I really hope that we can continue training AI the same way we train humans – basically for free.
s/A.I. Data Scrapers/non-sanctioned browsers running on non-sanctioned platforms/
They've been trying to do this for years. Now "AI" gives a convenient excuse.
I fail to see how this won’t just result in UA string or other obfuscation.
No one else can really do this except Cloudflare.
so TLDR it adjusts your robot.txt and relies on cloudflare to catch bot behavior and it doesn't actually do any sophisticated residential proxy filtering or common bypass methods that works on cloudflare turnstill, do I have this correct?
this just pushes AI agents "underground" to adopt the behavior of a full blown stealth focused scraper which makes it harder to detect.
account wall :-(
Poor ChatGPT-User, nobody understands you. Blocking a real user because of the, admittedly odd, browser they're using misses the point.
The destruction of the Web and IP theft needs to be addressed legally. The opinion of a single judge notwithstanding, "AI" scraping already violates copyright. This needs to be made explicit in law and scrapers must get the same treatment as Western governments gave to thousands of individuals who were bankrupted or jailed for copyright infringement.
We are in the Napster phase of Web content stealing.
Unfortunately I think pissing into the wind. Information websites are all but dead. AI contains all published human information. If you have positioned your website as an answer to a question, it won't survive that way.
"Information" is dead but content is not. Stories, empathy, community, connection, products, services. Content of this variety is exploding.
The big challenge is discoverability. Before, information arbitrage was one pathway to get your content discovered, or to skim a profit. This is over with AI. New means of discovery are necessary, largely network and community based. AI will throw you a few bones, but it will be 10% of what SEO did.

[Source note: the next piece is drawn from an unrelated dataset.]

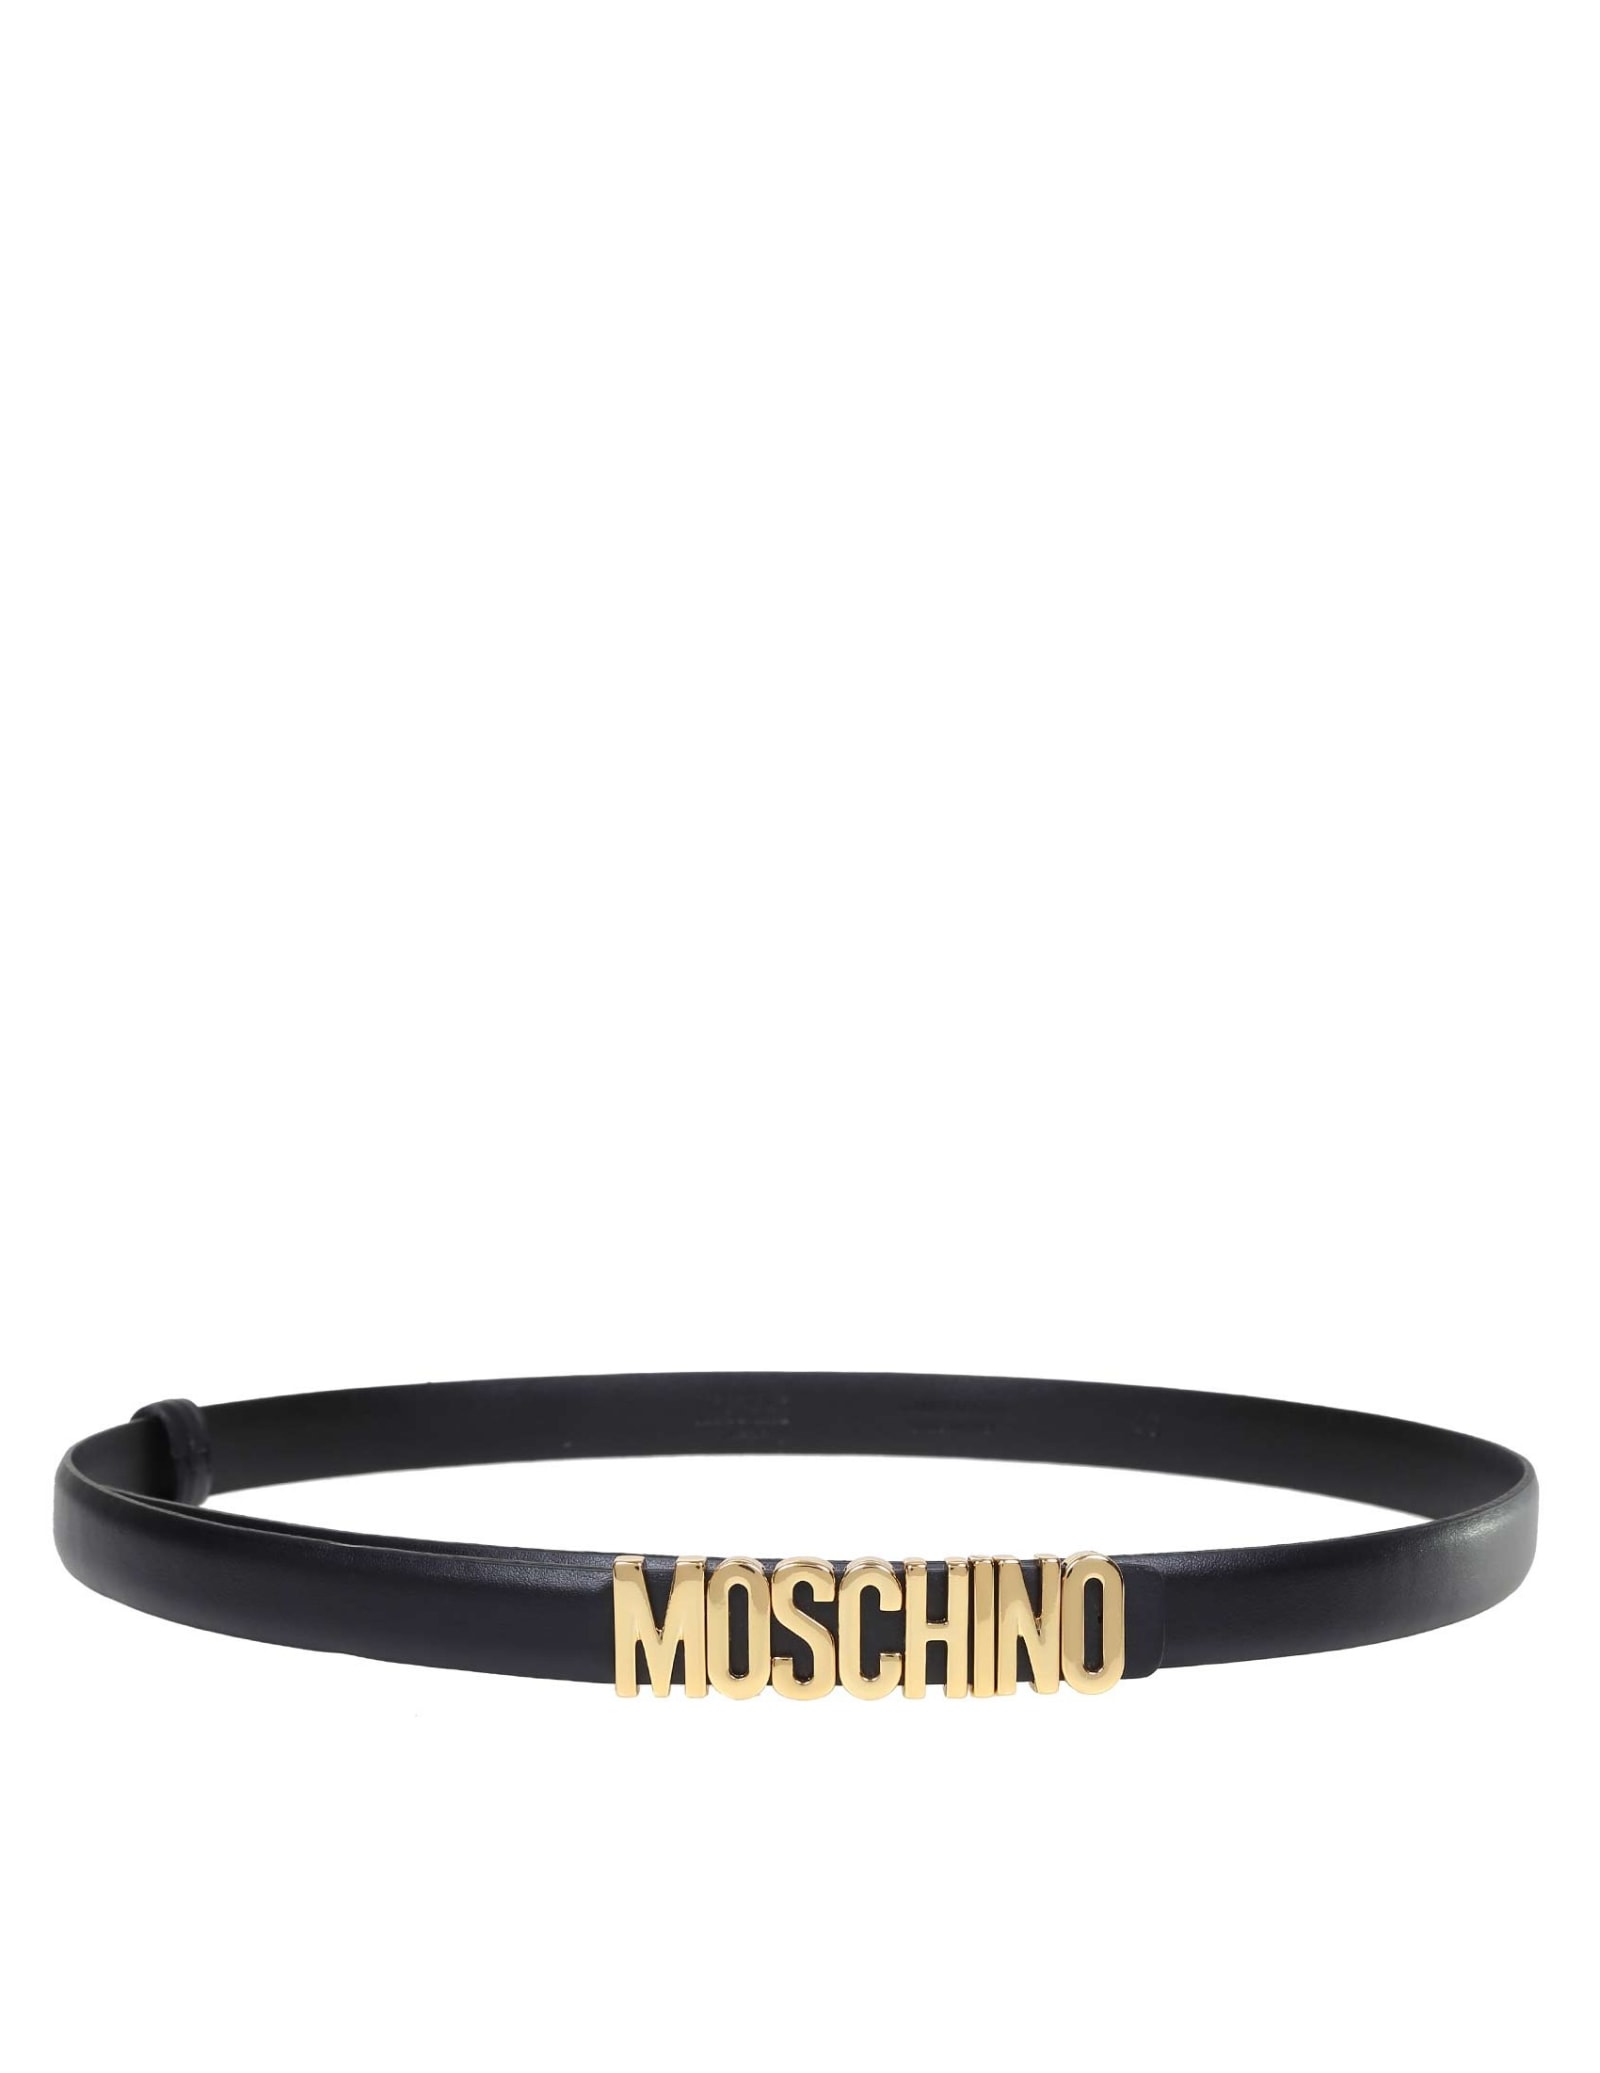 MOSCHINO BELT WITH GOLD LETTERING MINI LOGO

Few people realise that virtually everything we do online has, until this point, been free training to make OpenAI, Anthropic, etc. richer while cutting humans--the ones who produced the value--out of the loop.
It might be too little, too late, at this juncture, and this particular solution doesn't seem too innovative. However, it is directionally 100% correct, and let's hope for massively more innovation in defending against AI parasitism.